At the beginning of a new case the training system presents initial data about the patient. The user then selects tests to investigate his or her hypotheses. On demand the system provides comments on the users' actions and can also criticise his or her justifications. Criticism of hypotheses is generated by comparing them with hypotheses inferred by the system using the same data the user has interpreted so far. Criticising the users´ justifications is more difficult because the system bases its conclusions on intermediate (pathophysiological) concepts derived from the raw data. The user is unaware of these intermediate concepts which have to be compiled out to assess how much individual raw findings support the hypotheses.
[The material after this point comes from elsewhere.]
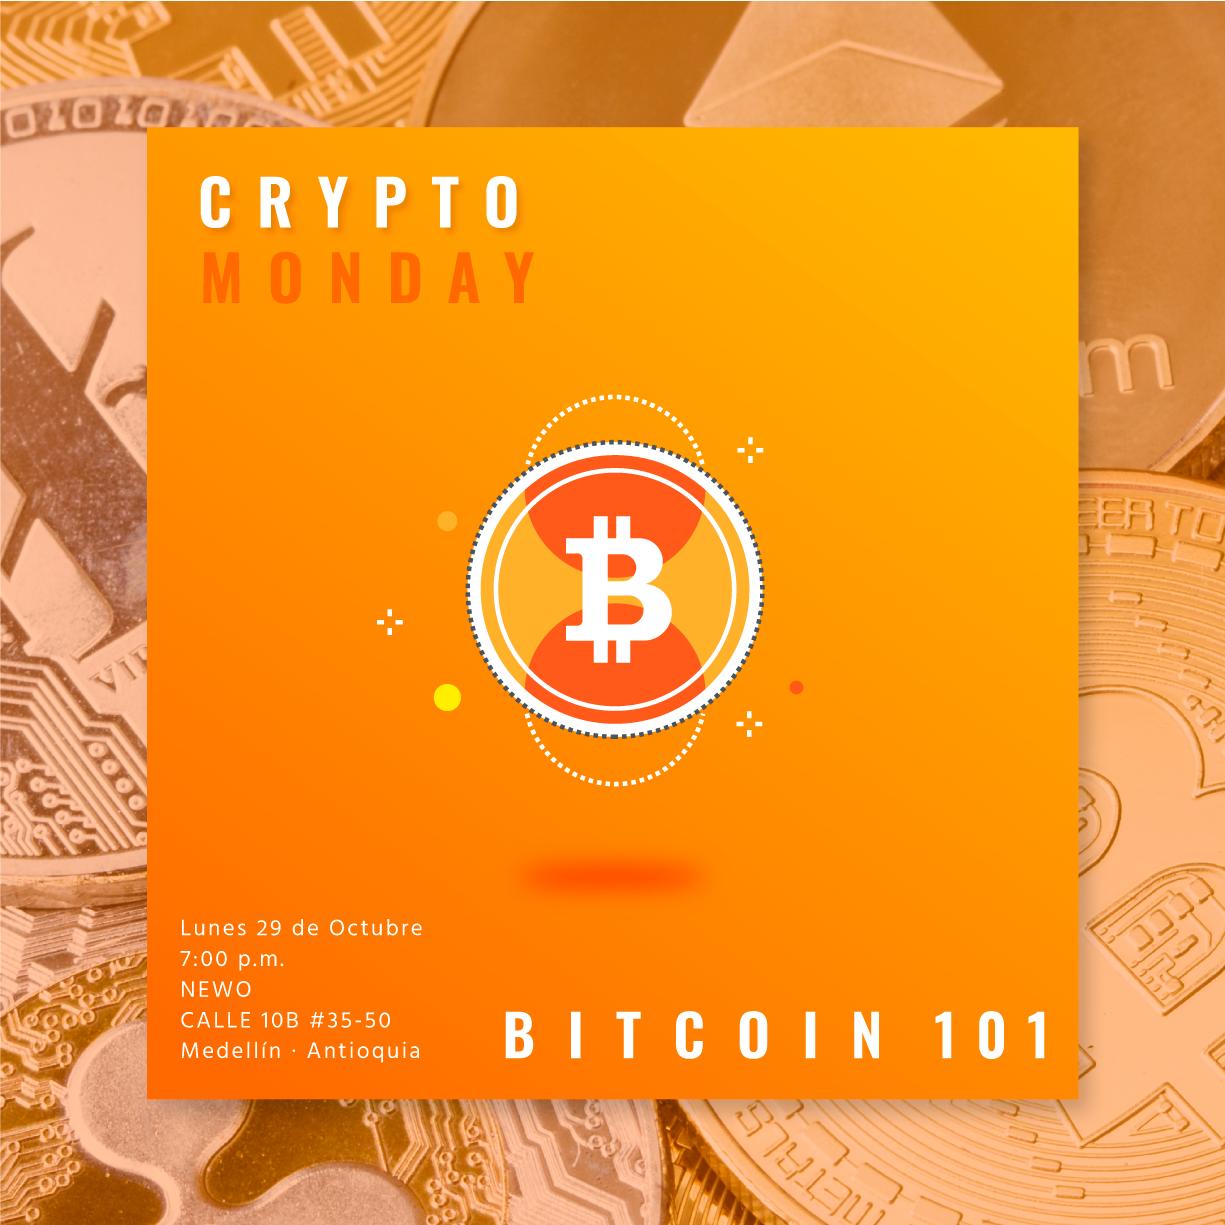 Cryptomondaybitcoin15405051121540505112

The criticism of the test choices is easily generated since the explicit representation of that knowledge is defined in the knowledge base. For each diagnosis a sequence of useful tests is specified. When the user selects a test the system compares it with its own choices (also considering second rate choices) based on the suspected diagnoses in the present stage of the tutorial session. The user can also justify a test selection referring to his or her suspected hypotheses criticised by the system with respect to the correctness of the suspected hypotheses and to how well they can be investigated by the selected tests. More details concerning the tutoring component of D3 can be found in [Reinhardt & Schewe 95] and [Puppe & Reinhardt 95].

3. The evaluation scenario

The learning environment

The area of rheumatology is partly covered by a mandatory curriculum for the students of Internal Medicine. The rheumatology class is divided into various groups including two or three persons and is held on a regular basis both on Tuesdays and Wednesdays with a duration of 90 minutes each day.
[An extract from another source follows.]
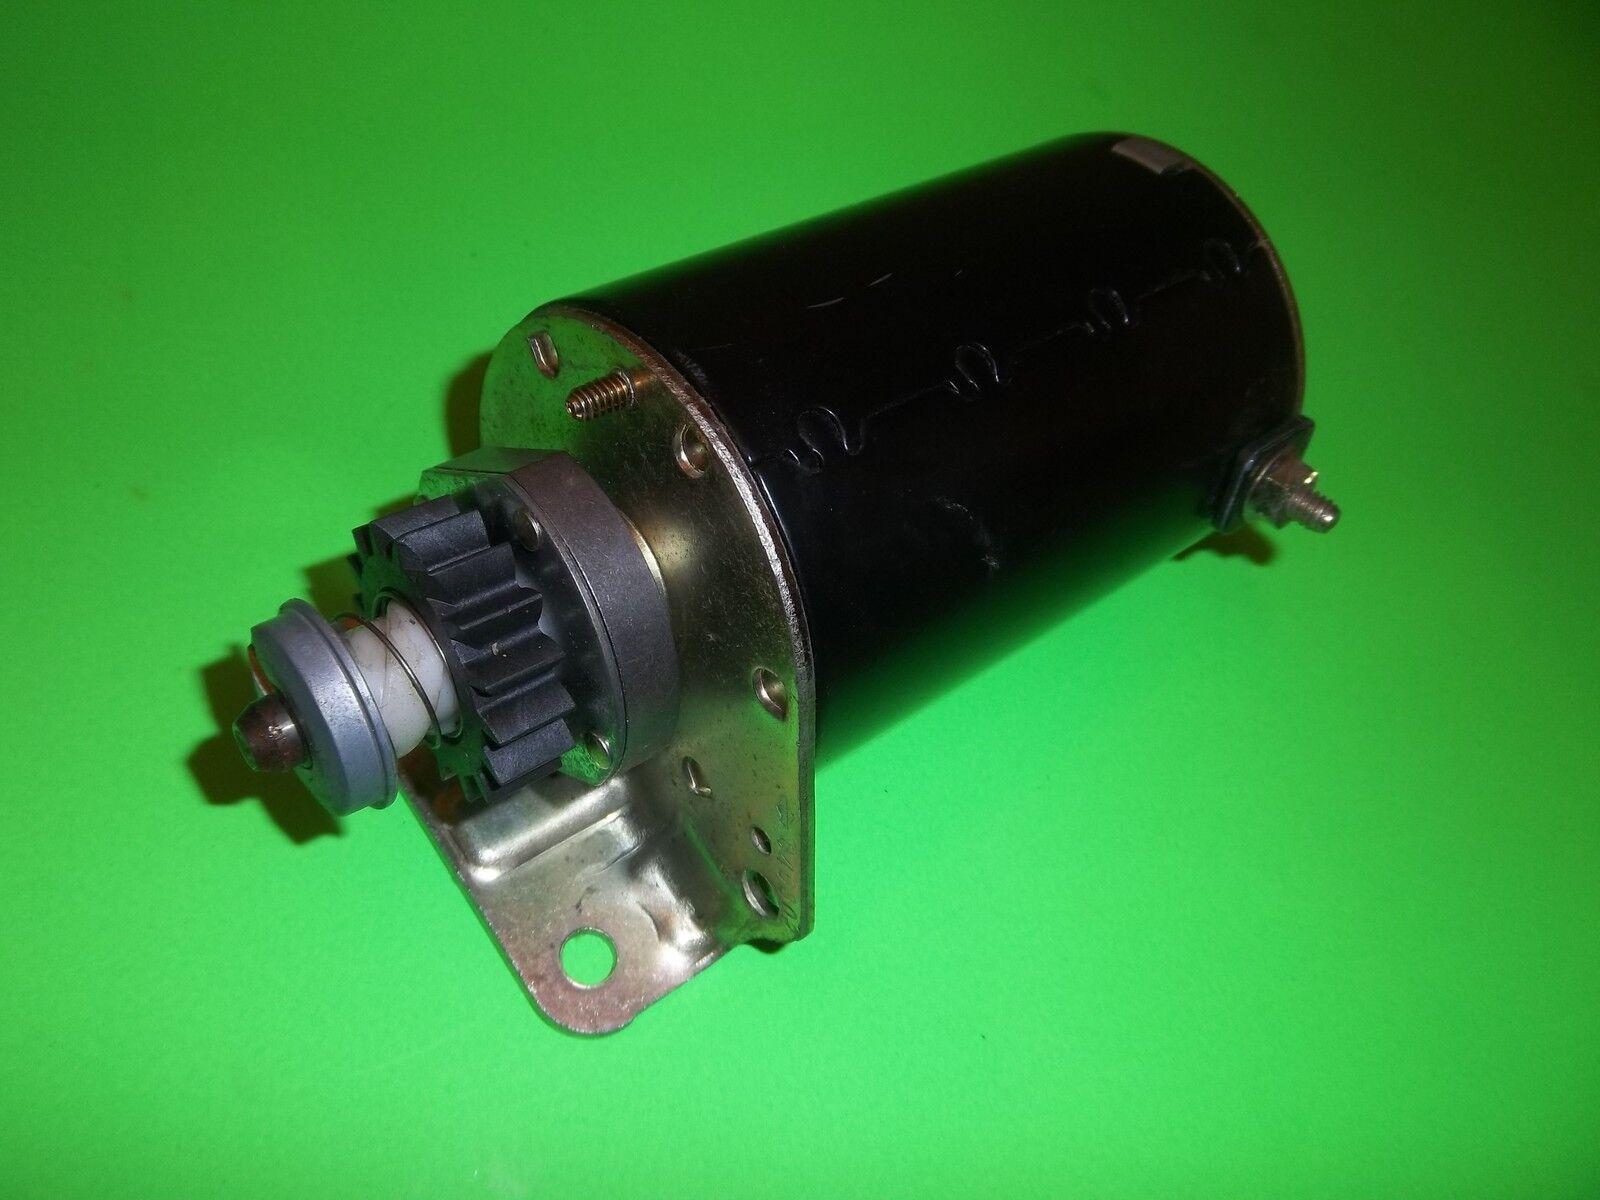 Toro timecutter 14 16 Hp Elect Estrellater encaja monocilíndrico motores Oem

First, the students are given 30 minutes to find out the medical history of a new patient and to implement the most important medical examinations. After that, the professor thoroughly discusses the case with the student while the patient is still present: further questions relevant for the symptoms of the disease are asked and the essential results of the medical examination demonstrated. Moreover, student and professor consider the future diagnostic measures, delineate the options concerning the differential diagnosis and, presupposing the diagnosis, confer on a therapy.

Each individual group of students is assigned to the rheumatology section for two subsequent weeks. On Tuesdays the students are confronted with a rheumatological case and its discussion in the manner mentioned above whereas on Wednesdays they have to deal with a tutorial computer presentation of the Tuesday case for beginners (Beg.Comp). In addition to that, however, one of 1017 rheumatological cases contained in a data base with a similar medical history but a potentially different diagnosis is presented. The similar case has to be solved by the students. The following week, the same procedure is gone through with a new patient.

Beginning with the winter term in 1994/95 a change in the Wednesday version has been made. Instead of using the tutorial computer program each Wednesday, both the presentation of the Tuesday patient and the corresponding data base case were presented to the students in the form of a structurally identical text version providing exactly the same information as the computer program.

In the summer term of 1995 a newly developed advanced version of the computer program (Adv.Comp) has been tested in the second week of the class whereas in the first the former version for beginners has been applied.

The tutorial program

The program combines both the tutorial environment of the shell box D3 [Gappa et al 93] and the knowledge base of the expert system "RHEUMA" which has been evaluated on numerous patients [Schewe 93].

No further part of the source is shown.